Ladenburg Thalmann Asset Management ("Ladenburg") is an SEC Registered Investment Advisory firm, established in 1982, and has over $4 billion assets under management. Our dedicated staff of professionals has over 100 years of investment management experience, specializing in market analysis, due diligence, fund selection and asset allocation and diversification strategies. Whether for individuals, families, foundations, endowments, retirement plans or profit-sharing plans, we deliver personalized strategies and a full range of investment solutions.
Ladenburg is a wholly-owned subsidiary of Advisor Group Holdings, Inc. (“AGHI”) which provides investment banking, equity research, institutional sales and trading, independent brokerage and advisory and asset management services through its subsidiaries. AGHI is also the holding company of Ladenburg Thalmann & Co. Inc., which was established in 1876. and joined the New York Stock Exchange in 1879. It quickly became one of the most influential private merchant banking firms, serving as a major financial intermediary between America, Great Britain and the European Continent. Ladenburg Thalmann & Co. Inc. was among the few investment banks to prosper during the Depression, and it played an important role in financing the growth of American industry through the early twentieth century. Since the beginning, it has provided significant value as a financial advisor to investors, corporate managers and directors while raising capital for emerging industries.
PROTECTION OF ASSETS
National Financial Services LLC (“NFS”), Member NYSE/SIPC, provides trade execution, custody and other related services for the majority of Ladenburg brokerage accounts. As Ladenburg's primary custodian, NFS is responsible for:
execution, clearance and settlement of securities transactions;
preparing and delivering periodic statements of your account and transaction confirmations; and
custody (safekeeping), receipt and delivery of funds and securities.
Fidelity Investments is one of the world’s largest providers of financial services, with assets under administration of $7.4 trillion, including managed assets of $3.0 trillion, as of March 31, 2020.
Securities in accounts carried by NFS are protected in accordance with the Securities Investor Protection Corporation (“SIPC”) up to $500,000. The $500,000 total amount of SIPC protection is inclusive of up to $250,000 protection for claims for cash, subject to periodic adjustments for inflation in accordance with terms of the SIPC statute and approval by SIPC’s Board of Directors. For details, please visit SIPC.org.

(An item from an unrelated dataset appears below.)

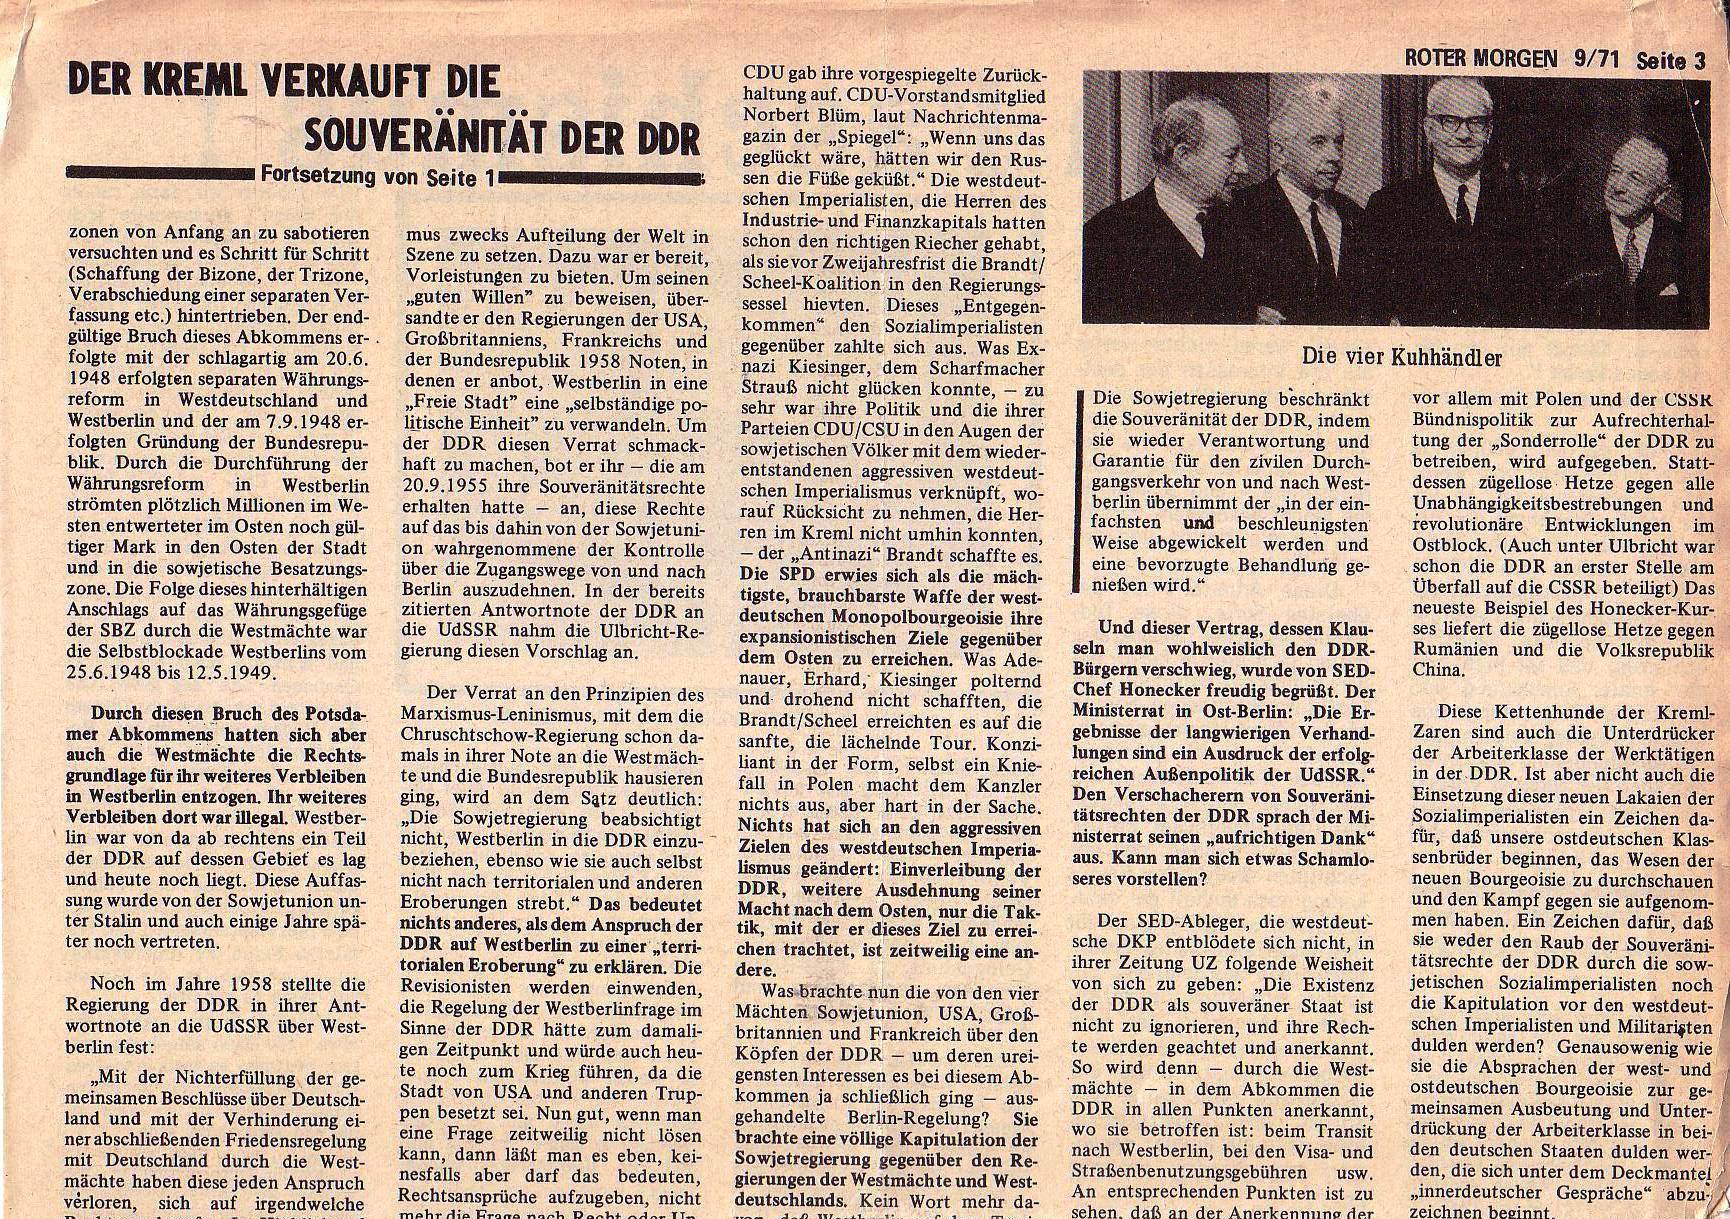 Roter Morgen, 5. Jg., 13. September 1971, Nr. 9, Seite 3a
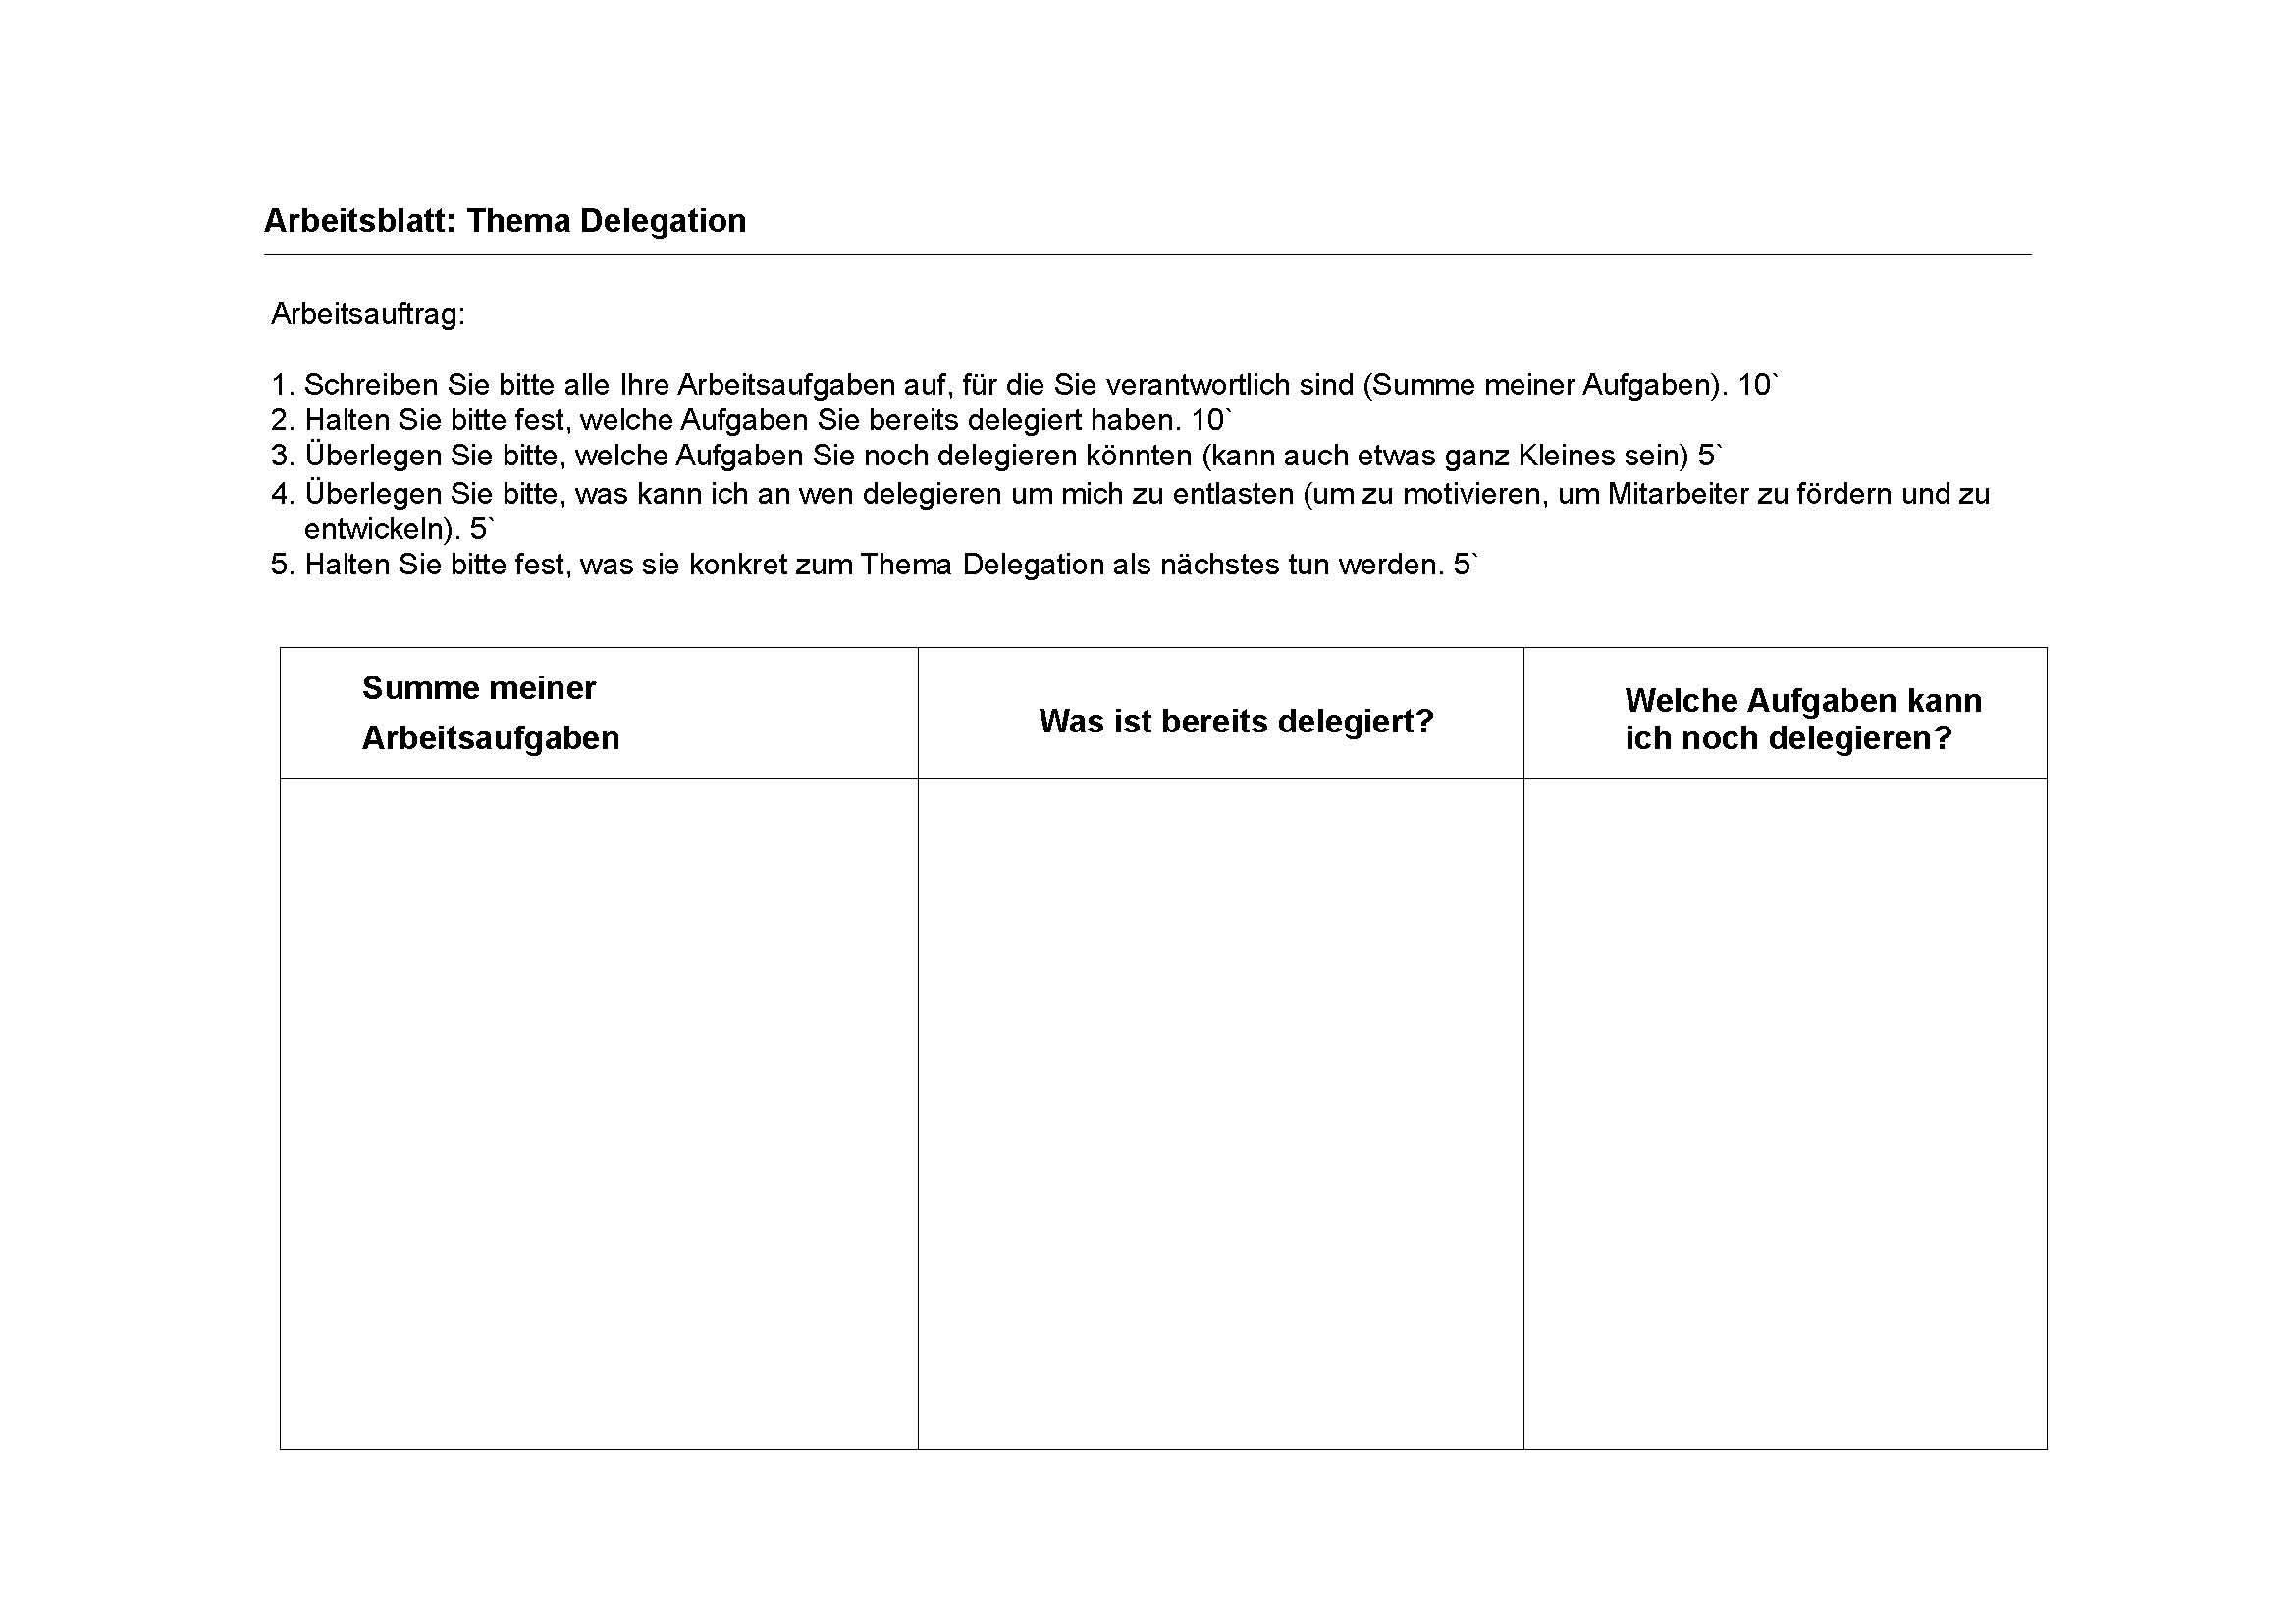 Skills - Arbeitsblatt: Thema Delegation

Within certain limits, SIPC coverage applies both to investor securities held by National Financial Services LLC and to cash on deposit that will be used to purchase securities or that has been generated from the sale of securities. This SIPC coverage protects your assets in the unlikely event that National Financial Services LLC should fail to meet its obligations, but this SIPC coverage is separate from the SIPC coverage that is available should the broker-dealer fail to meet its obligations.
In addition to SIPC protection, Fidelity, through National Financial Service (NFS), provides its brokerage customers with additional “excess of SIPC” coverage from Lloyd’s of London together with other insurers. The excess of SIPC coverage would only be used when SIPC coverage is exhausted. Like SIPC, excess of SIPC protection does not cover investment losses in customer accounts due to market fluctuation. It also does not cover other claims for losses incurred while broker-dealers remain in business. Total aggregate excess of SIPC coverage available through Fidelity’s excess of SIPC policy is $1 billion. Within Fidelity’s excess of SIPC coverage, there is no per customer dollar limit on coverage of securities, but there is a per customer limit of $1.9 million on coverage of cash awaiting investment. This is the maximum excess of SIPC protection currently available in the brokerage industry. Both SIPC and excess of SIPC coverage is limited to securities held in brokerage positions, including mutual funds if held in your brokerage account and securities held in book entry form. Neither SIPC nor additional coverage protection covers investment losses due to market fluctuations.
National Financial is an independent company, unaffiliated with Ladenburg Thalmann & Co., Inc. National Financial is a service provider to Ladenburg Thalmann & Co., Inc. There is no form of legal partnership, agency affiliation, or similar relationship between your financial advisor and National Financial, nor is such a relationship created or implied by the information herein. National Financial has not been involved with the preparation of the content supplied by Ladenburg Thalmann & Co., Inc. and does not guarantee, or assume any responsibility for its content.
*Ladenburg Thalmann & Co., Inc. offers securities and is a Member FINRA and SIPC.